If you feel comfortable about the results of the conversation with Dataiku staff folks.  I'd love to hear back about what kinds of conclusions you have drawn about approaching this interesting problem.

--Tom
Author

@tgb417 - I certainly will keep you updated.

@CoreyS - when should I be hearing from them?

Dataiker Alumni

Hi @AaronCrouch speaking with the Dataiker now, should be reaching out to you shortly.

Looking for more resources to help you use Dataiku effectively and upskill your knowledge? Check out these great resources: Dataiku Academy | Documentation | Knowledge Base

Dataiker

Hi @AaronCrouch ,

Love the use case! I have a few thoughts on how you could factor in the audits. As @tgb417 mentioned, there is a bit of art to this.

Here are some solutions:
• Use two different probability thresholds for classifying what counts as high risk - a lower one for non-audited jobs and a higher one for audited jobs.
• Use sample weights to assign higher importance to jobs that have been audited when building your model.
• Treat jobs that have been audited as categorically different and build a second model for them.
Based on the conversation, I think option #1 is the closest match to what you are looking for.
Author

@AndrewS, thanks for your response. It looks like option 1 is similar to an idea I had above. I'm just not sure what thresholds to use. Currently, I'm using a 35% threshold suggested by the system. Let me throw some numbers at you and see if you have any thoughts about how to adjust:

We had 812 jobs labeled High Risk with no audits (or no audits before an event took place) since 2018, 543 of those jobs had an event (66.9%).
We had 171 jobs labeled High Risk with audits since 2018, 102 of those jobs had an event (59.6%).
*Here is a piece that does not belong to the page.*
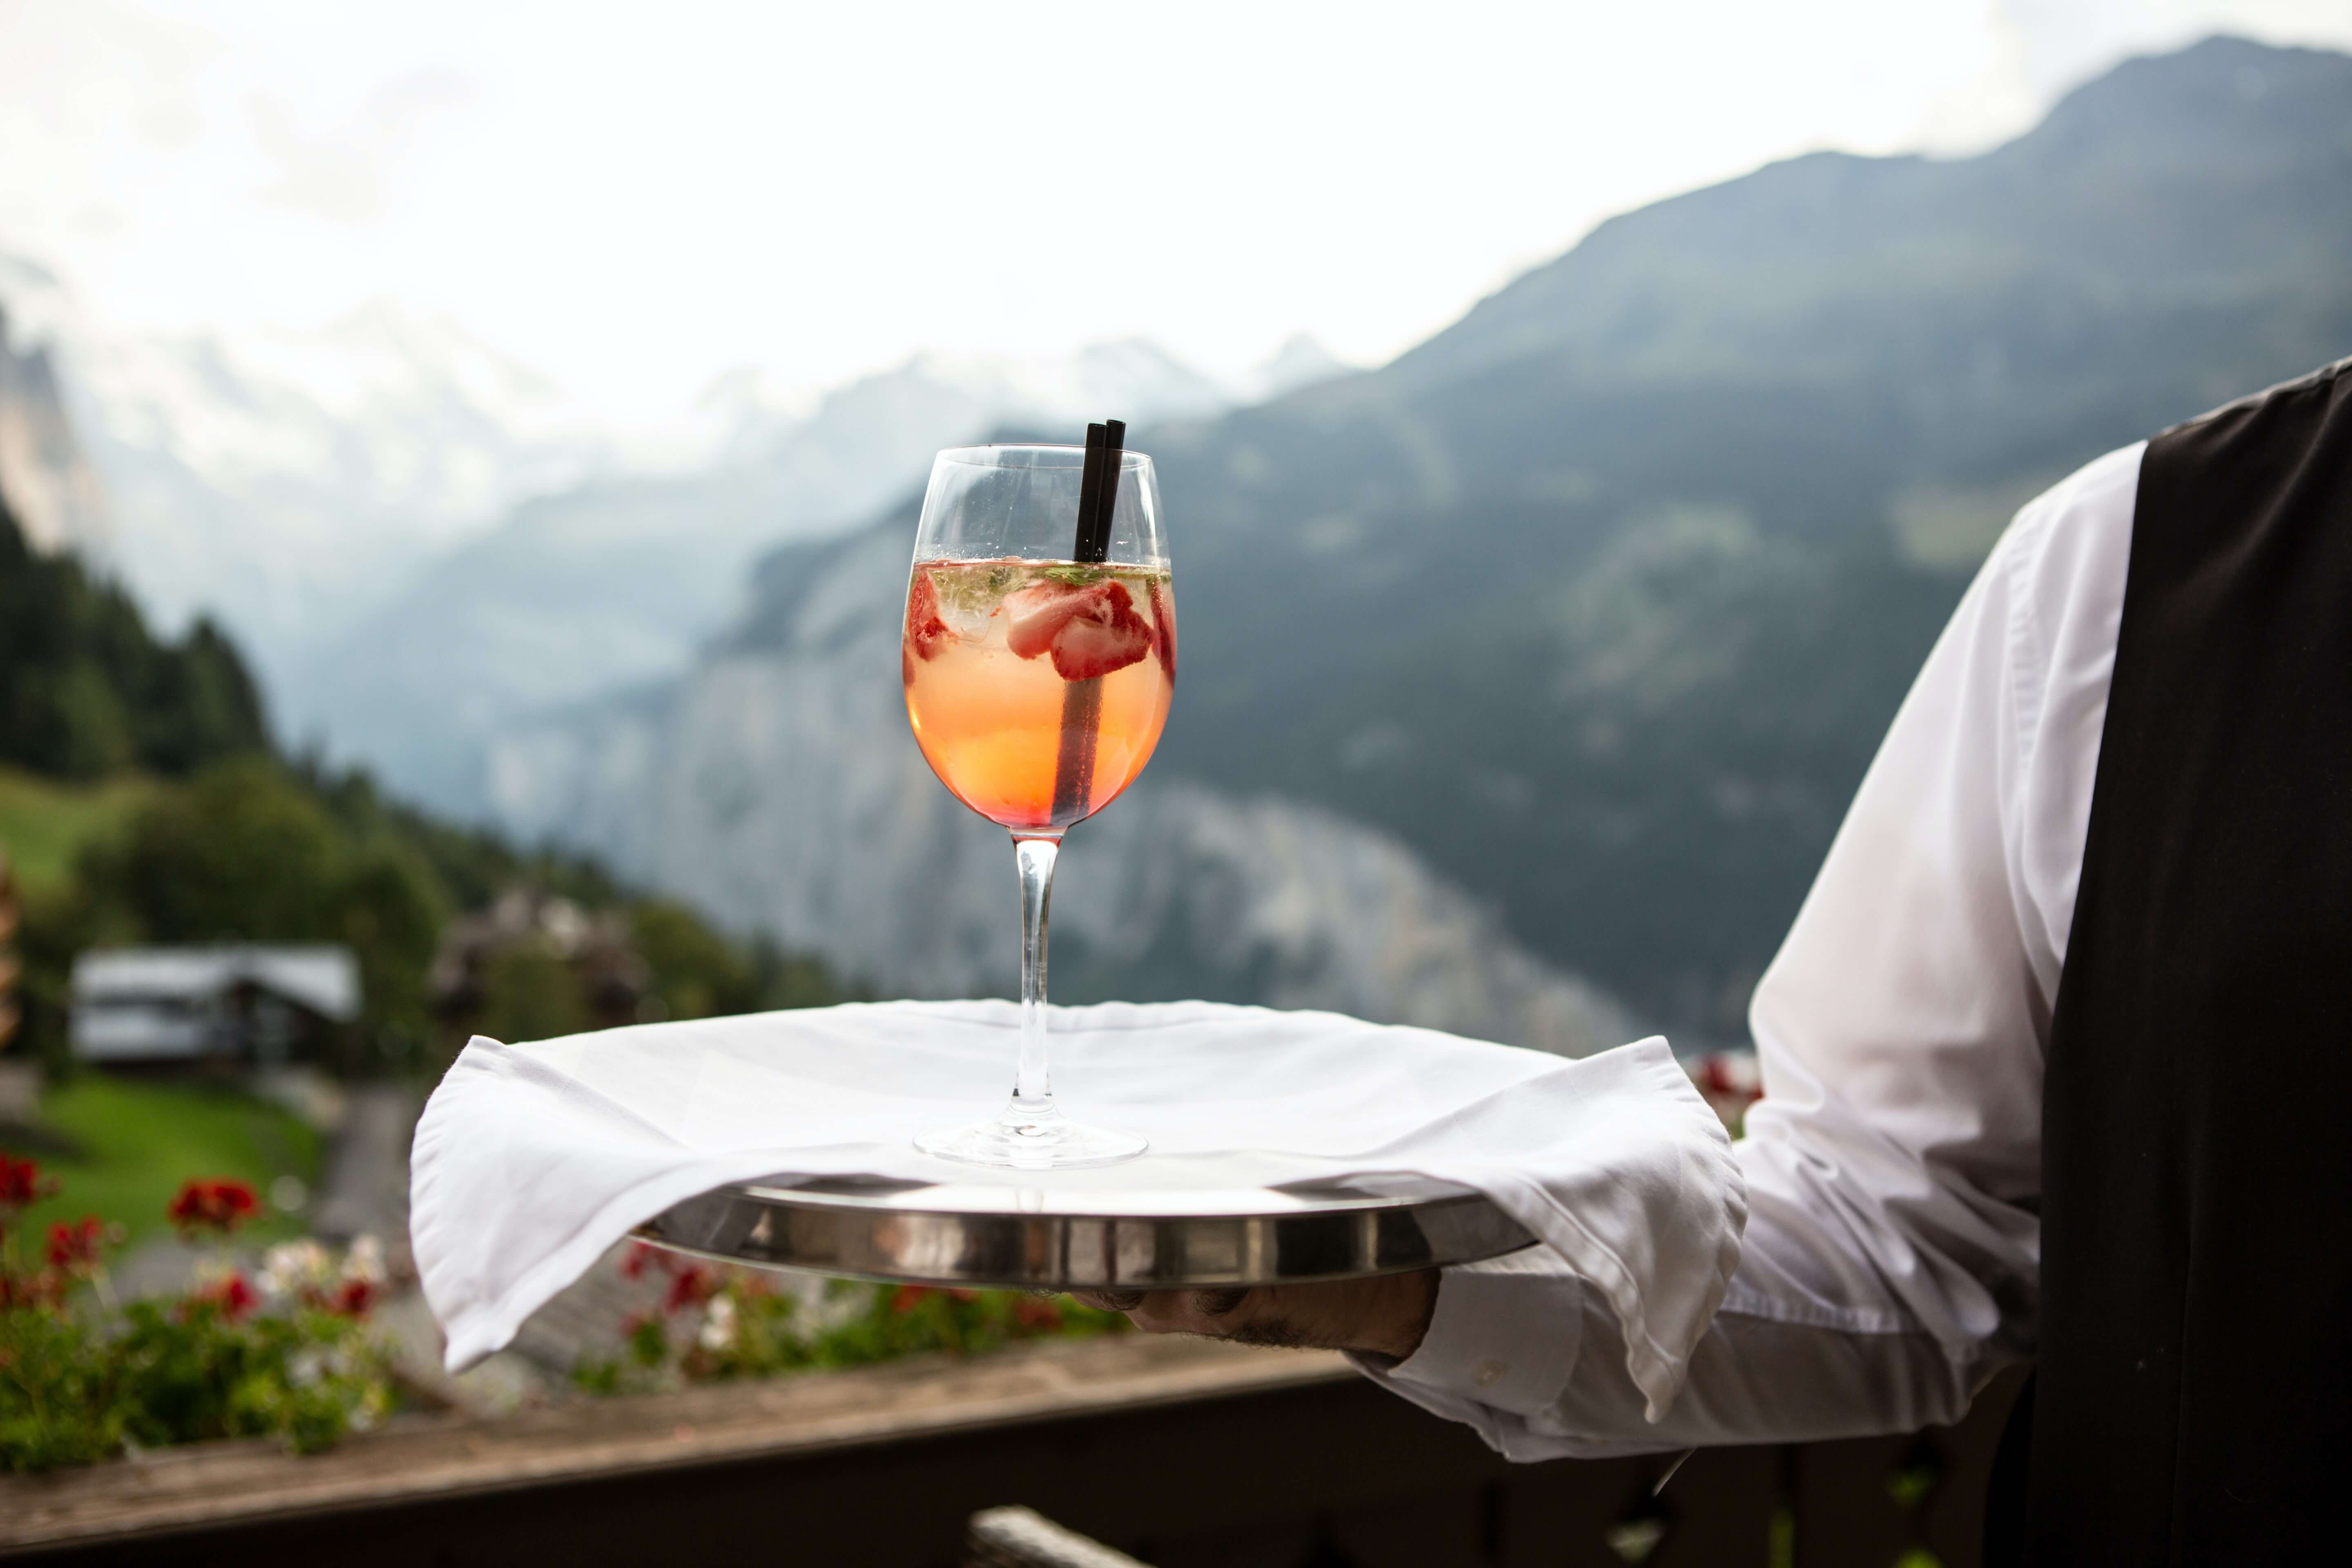 A waiter serving a glass of wine on a platter

Taking the sum of proba_1 on high risk jobs with no audit (or no audit prior to a defect), we would predict 482.75 jobs with at least one defect; we had 543 high risk jobs with no audit with a defect (112%)
Taking the sum of proba_1 on high risk jobs WITH an audit, we would predict 99.9 jobs with at lease one defect; we had 102 jobs with a defect (102%)

How would one implement suggestion 1 in DSS?  Would one create a Partitioned Model, one with audits and one without?  Or is there some other way to achieve what you are suggesting?

--Tom
Dataiker

I'd suggest using a 35% threshold for the un-audited jobs. Since the audited jobs are 7.3 percentage points less likely to have an event, I'd use a threshold of at least 42% for those jobs. This is absolutely something you can move upwards if you feel that the positive effect of audit is still not being fully captured.

The simplest way to implement solution number one would be to have your scoring recipe output the probabilities. To do this, select the 'Output probabilities' option in the scoring recipe.

You can then use a prepare recipe to create a new column that has the "Post-Audit" prediction. A simple formula like this would be able to create that
column: if(proba_1>0.42,1,0)

You will then be able to access both the 'Pre-Audit' prediction and the 'Post-Audit' prediction.